*** Block opens ***

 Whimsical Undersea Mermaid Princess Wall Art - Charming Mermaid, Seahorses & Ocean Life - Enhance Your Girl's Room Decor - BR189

*** Block closes ***
*** Block opens ***

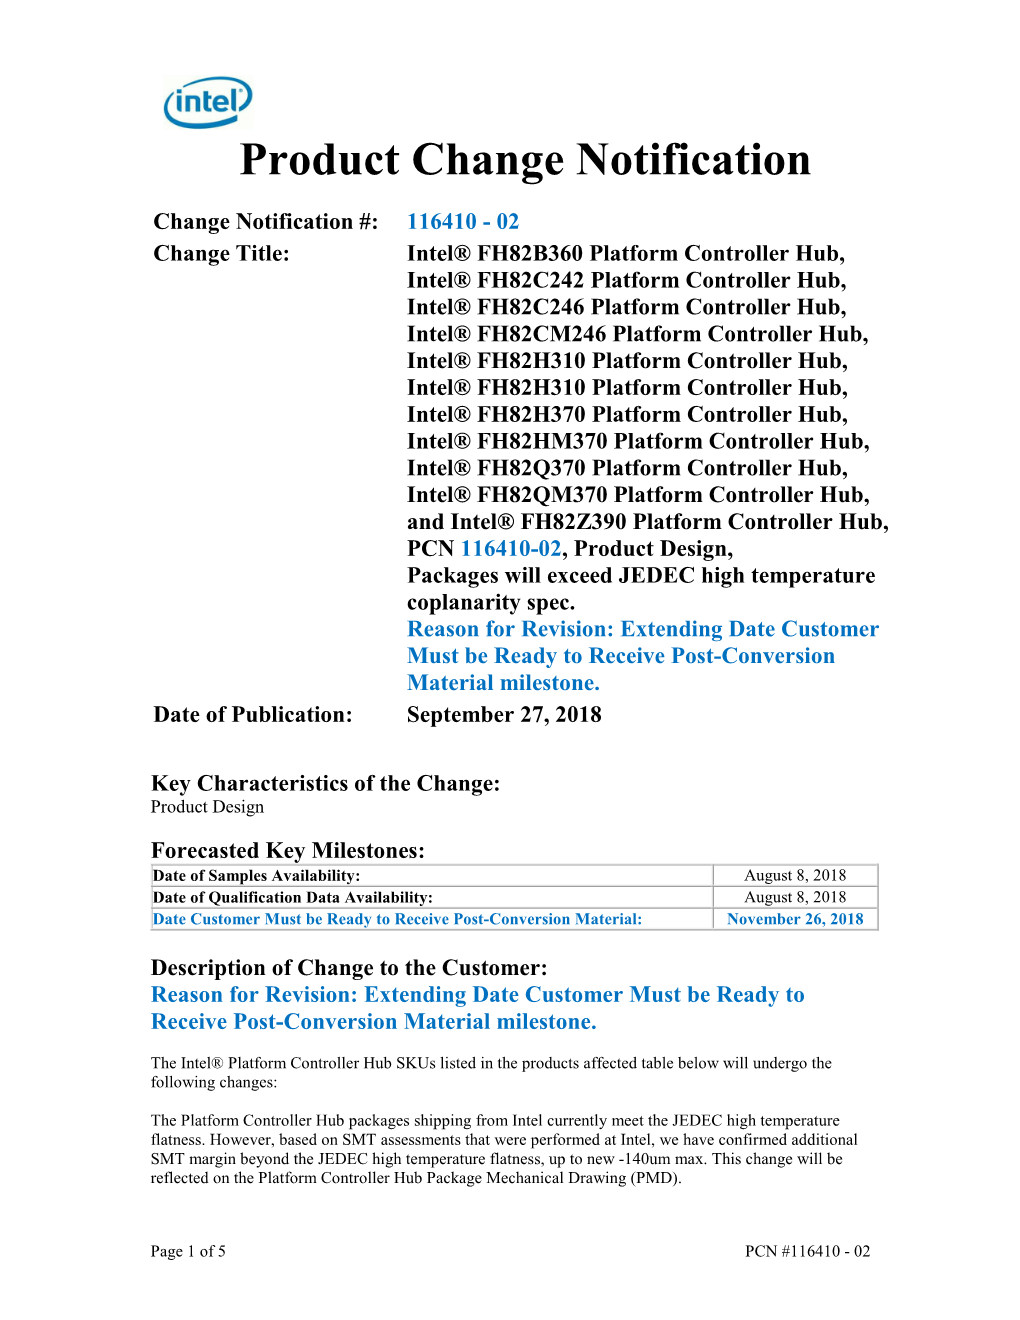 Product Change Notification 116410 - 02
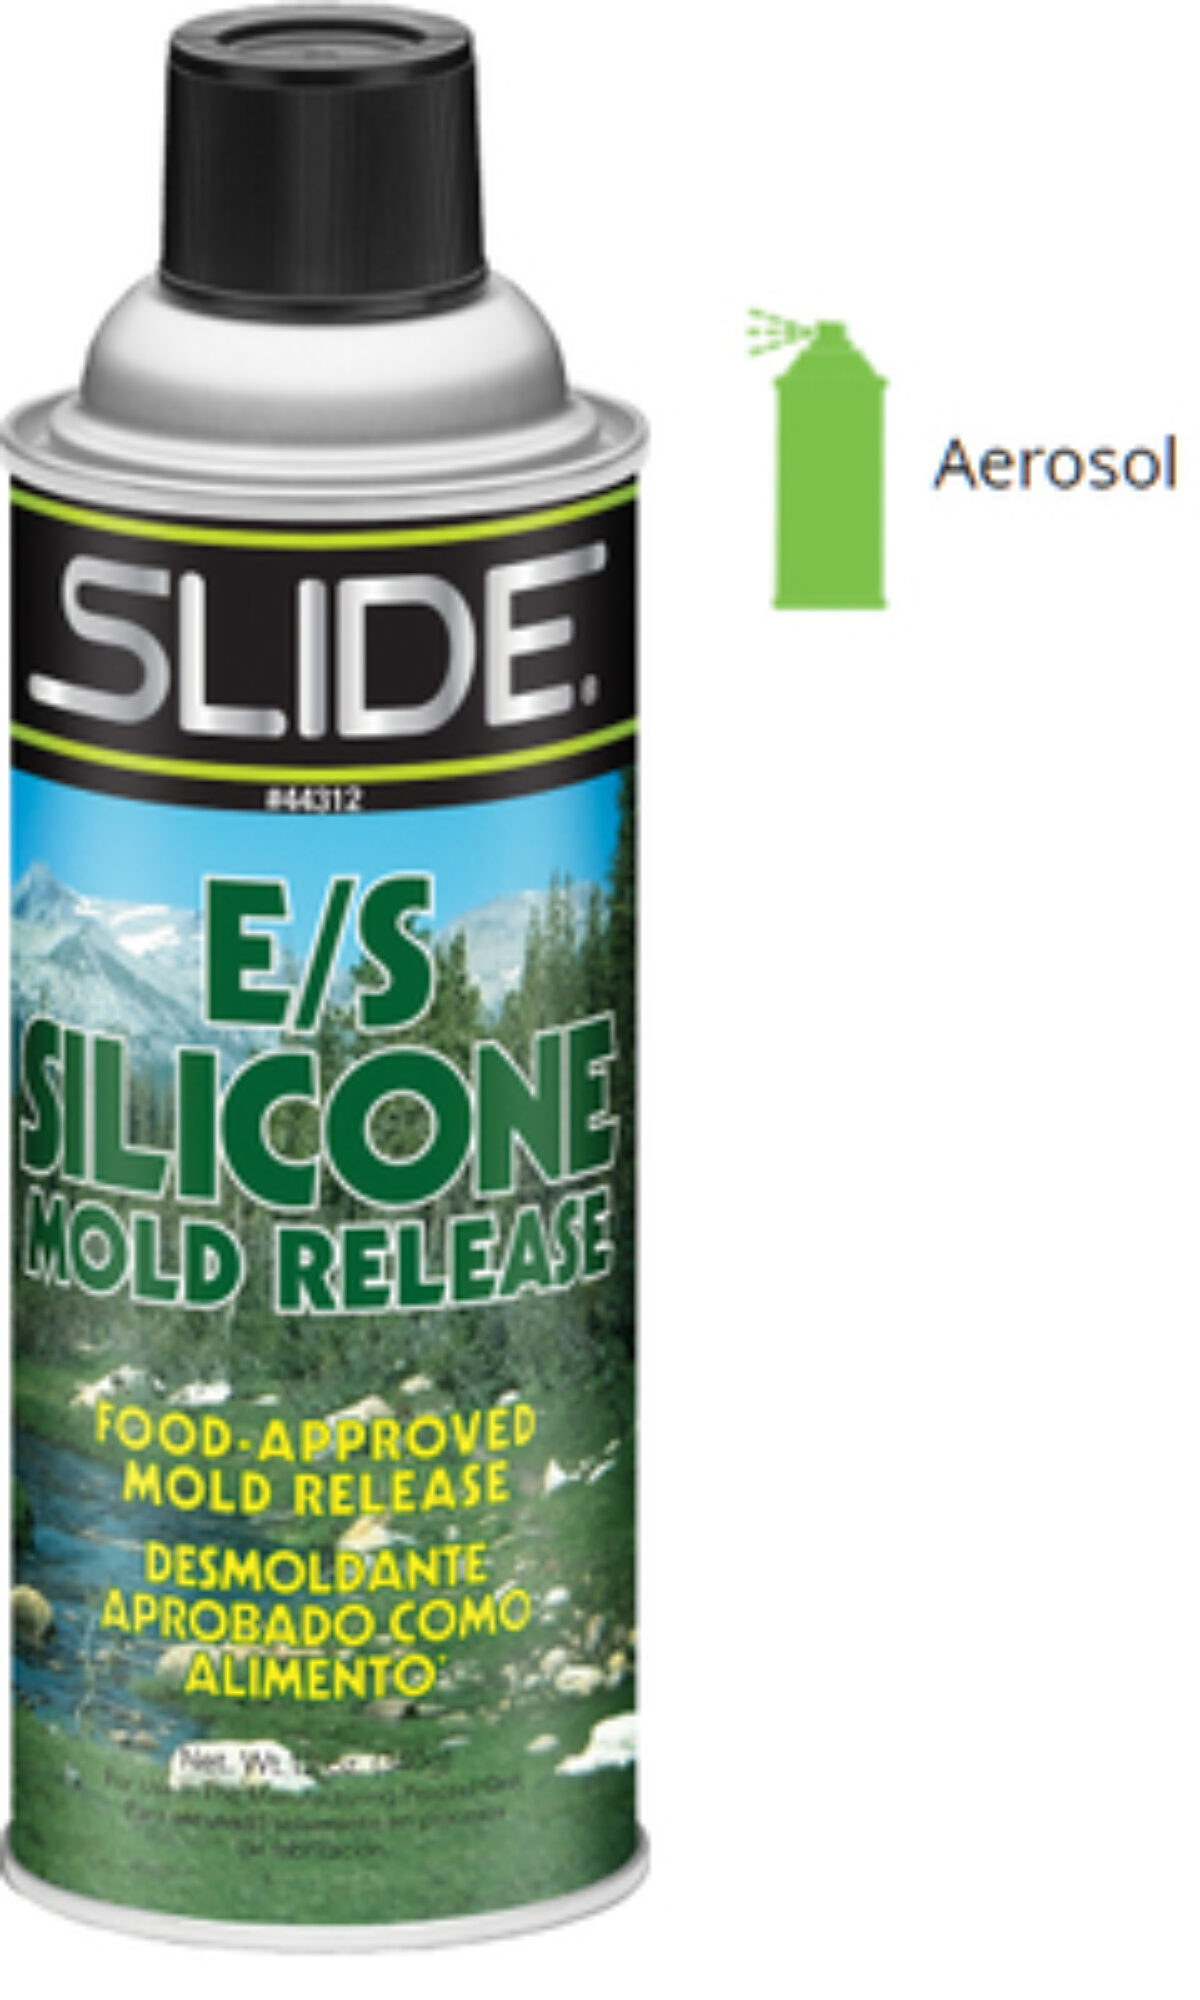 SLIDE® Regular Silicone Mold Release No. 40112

*** Block closes ***
*** Block opens ***

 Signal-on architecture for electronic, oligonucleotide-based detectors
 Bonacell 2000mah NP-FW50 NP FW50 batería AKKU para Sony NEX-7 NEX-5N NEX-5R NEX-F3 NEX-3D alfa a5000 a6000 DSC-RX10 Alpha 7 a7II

*** Block closes ***

Every line above between the one containing "Product Change Notification 116410 - 02" and the one containing "SLIDE® Regular Silicone", those two included, is to be printed exactly. No pictures go into the copy.

 Product Change Notification 116410 - 02
 SLIDE® Regular Silicone Mold Release No. 40112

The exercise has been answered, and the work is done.